An even more interesting usage pattern that has been suggested is to use the DLT to store an audit trail of data accesses rather than, or in addition to, the information itself. The data controller/processor organisation would store, in an irrevocable and tamper-evident fashion, a time-stamped record of every access to every item of the customer data (identified by its hash, so we could later verify exactly what
had been accessed), together with the evidence presented by the accessor that proved that it was authorised for access.
This sounds like a neat way of protecting the privacy of personal data. You could even imagine forcing the accessor (say, an insurance company) to have to present an authorisation token obtained from the customer (the individual requesting insurance) before being authorised by the data controller (say, the NHS) to access a certain part
of the record of that customer. Corporations, both those requesting access and those granting access, would be less likely to misuse the personal data of their users if evidence of the access patterns were recorded for ever in this global audit trail and if they, therefore, had to provide evidence that they had been given that consent for every access.

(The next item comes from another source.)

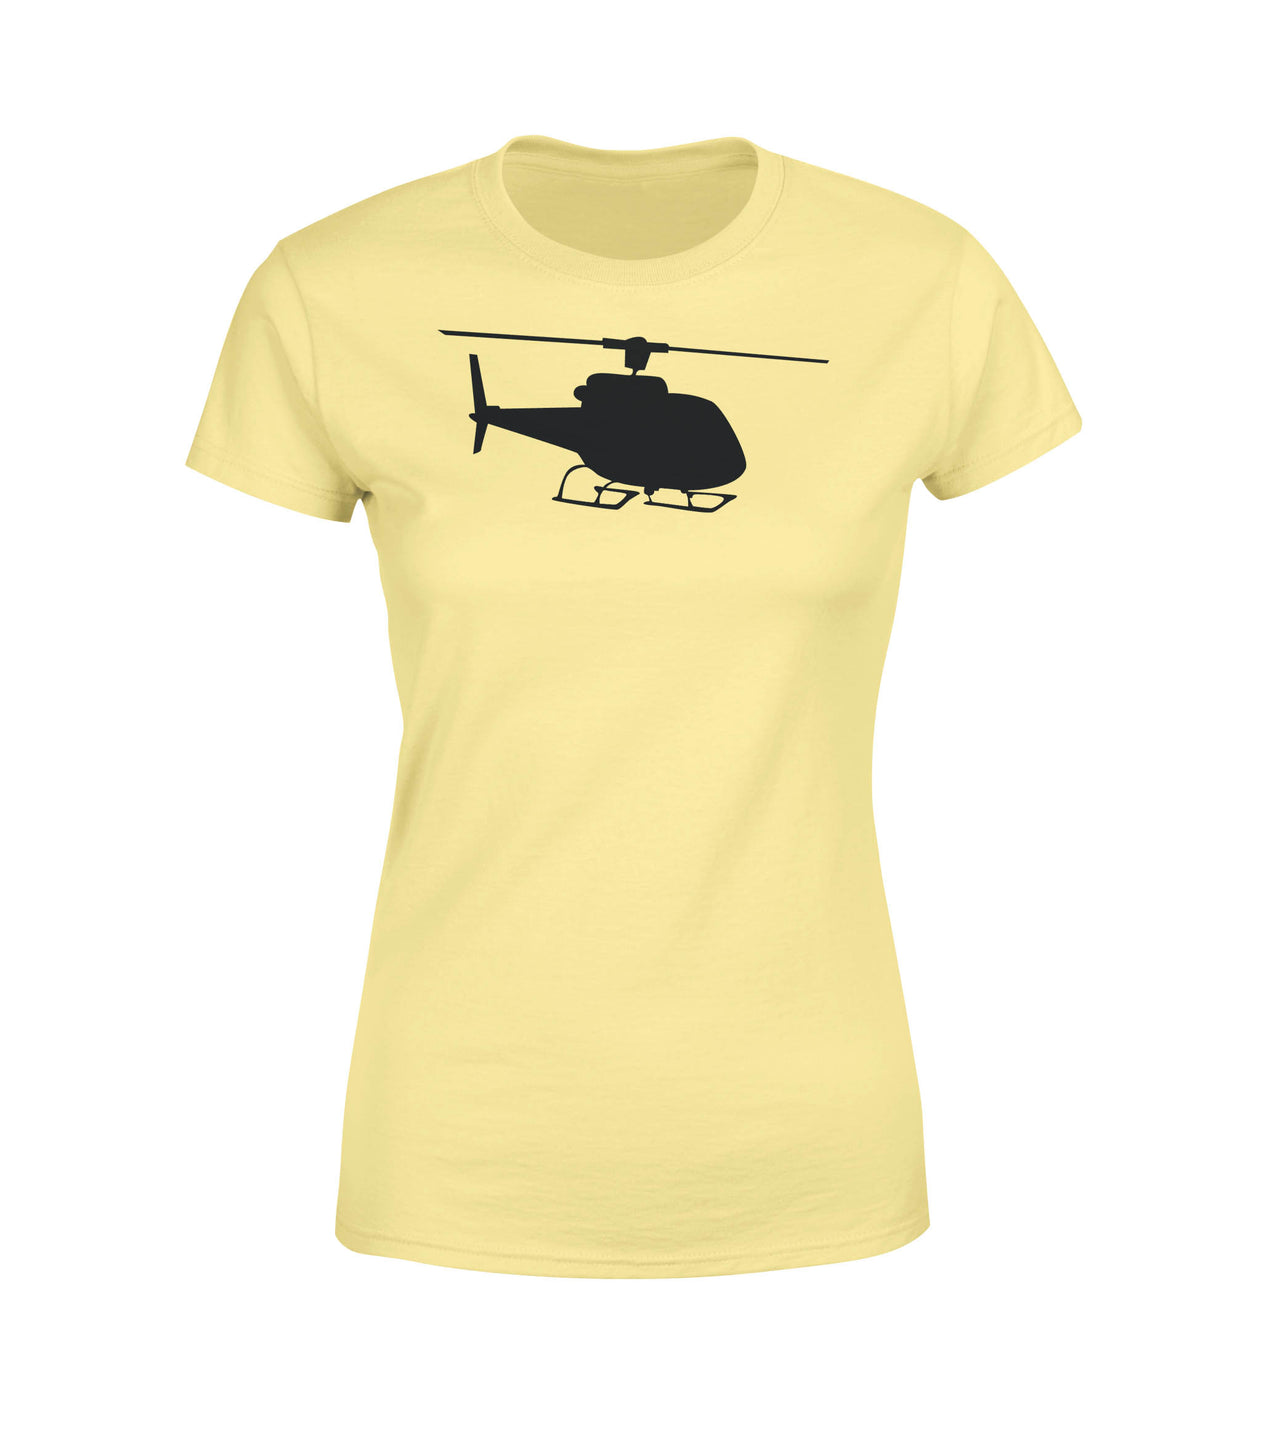 Helicopter Silhouette Designed Women T-Shirts

But, in practice, I am not particularly optimistic that this is how it will play out. The various megacorps have their own interests at heart regarding using and misusing the personal
data of their and others’ customers.
A small-scale demonstration of how the tussle is likely to play out can be seen by observing how the request for user consent works for cookies on websites. In theory, regulation says that websites may only install cookies with the consent of the user. In practice, websites extort this consent by making their pages essentially unusable until the user grants it. They make the workflow to say “No” much more cumbersome than the streamlined one to say “Yes”, therefore complying with the letter but not the spirit of the law.
The General Data Protection Regulation has brought in an unprecedented level of consumer protection, but has been fought at every stage by lobbyists from major companies. A recent news report stated: “Facebook has targeted politicians around the world...[pressuring] them into lobbying on Facebook’s behalf against data privacy legislation, an explosive new leak of internal Facebook documents has revealed.”
The fact that DLT might be used to audit data accesses and deter misuse does not necessarily mean it will be used that way, unless some strong-hearted and persistent white knight in shining armour takes on the powerful megacorps to protect the privacy of personal data for consumers.
Frank Stajano is a full professor of security and privacy at the University of Cambridge, where he is the head of the Academic Centre of Excellence in Cyber Security Research. He is also the managing director and co-founder of Cambridge Cyber, a provider of penetration testing and security consulting services.